Durante años, estos subsidios nos permitieron vivir estilos de vida de Balenciaga con presupuestos de Banana Republic. En conjunto, tomamos millones de viajes de Uber y Lyft que nos trasladaron como realeza burguesa mientras dividíamos la cuenta con los inversionistas de esas empresas.
Hace unos años, mientras estaba en un viaje de trabajo en Los Ángeles, pedí un Uber para atravesar la ciudad en hora pico. Sabía que iba a ser un largo trayecto, así que me armé de valor para desembolsar entre 60 y 70 dólares.
En cambio, la aplicación soltó un precio que me dejó boquiabierto: 16 dólares.
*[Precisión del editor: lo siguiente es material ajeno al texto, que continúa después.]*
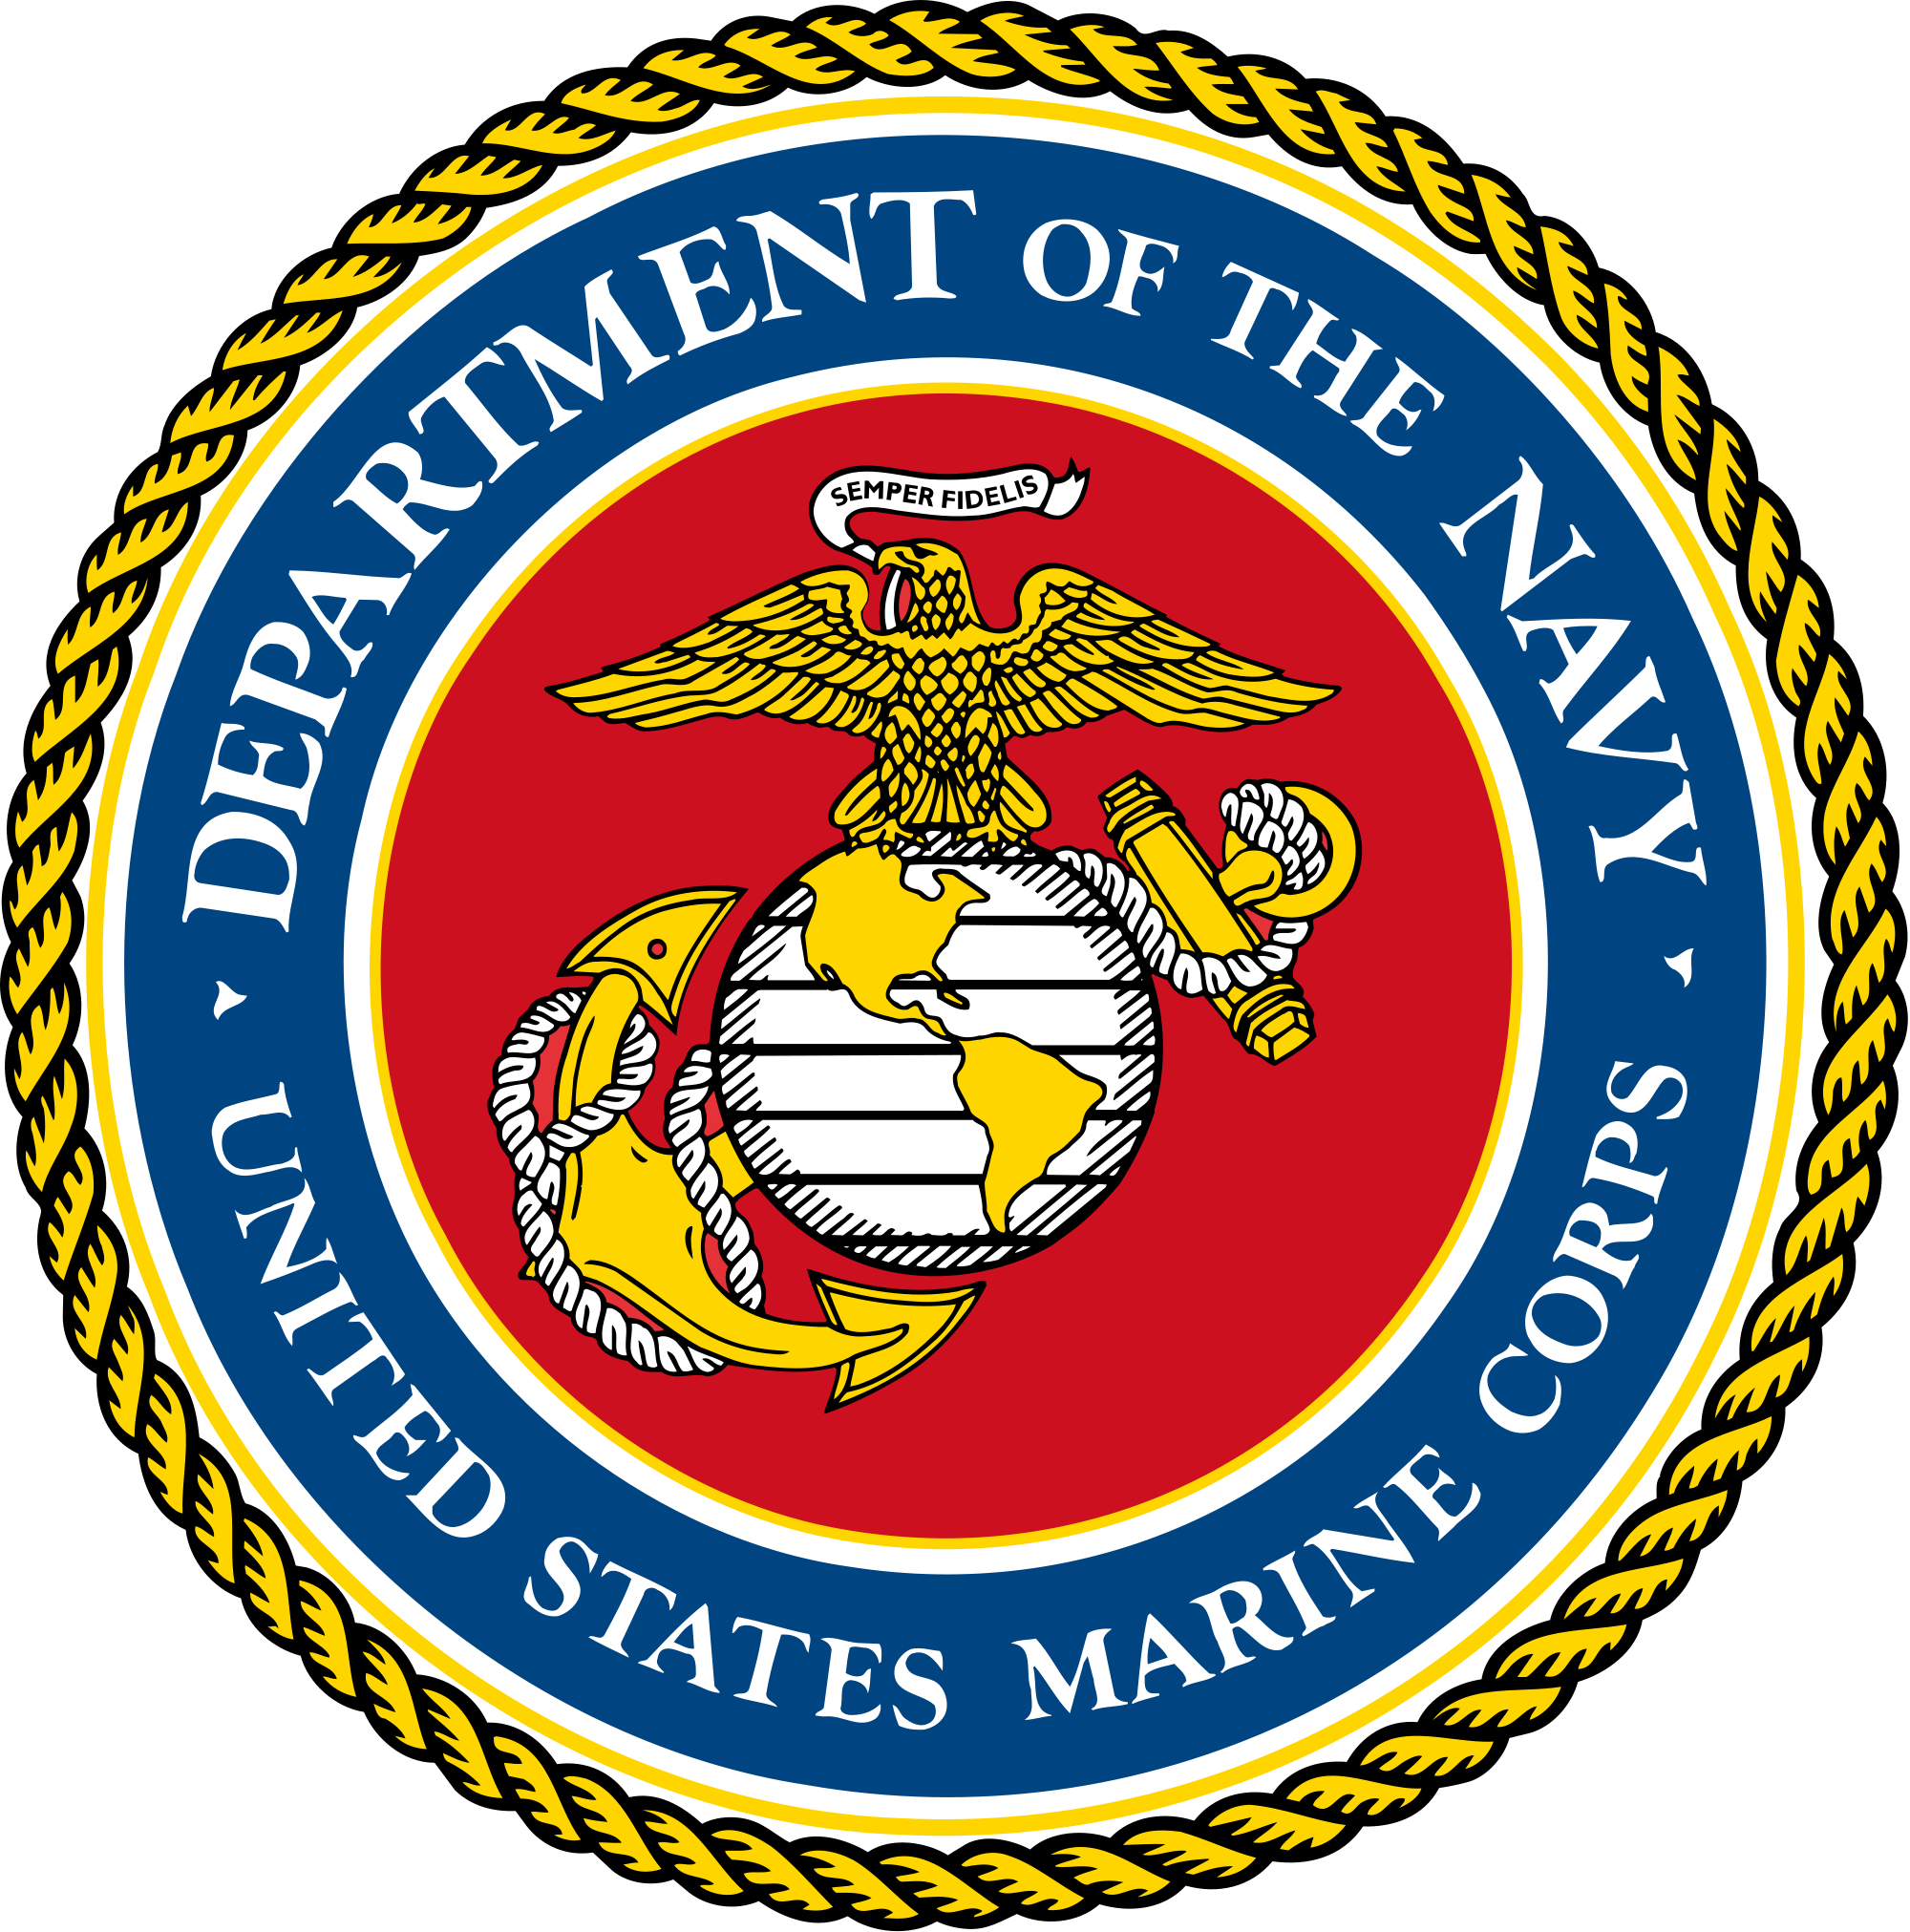 Culture of the United States Marine Corps - Wikipedia, the free ...

Las experiencias de este tipo eran comunes durante la era dorada del Subsidio al Estilo de Vida Milénial, el nombre que me gusta darle al periodo que va más o menos de 2012 a inicios de 2020, cuando muchas de las actividades diarias de los veinteañeros y treintañeros de las grandes ciudades eran cubiertas en secreto por los capitalistas de riesgo de Silicon Valley.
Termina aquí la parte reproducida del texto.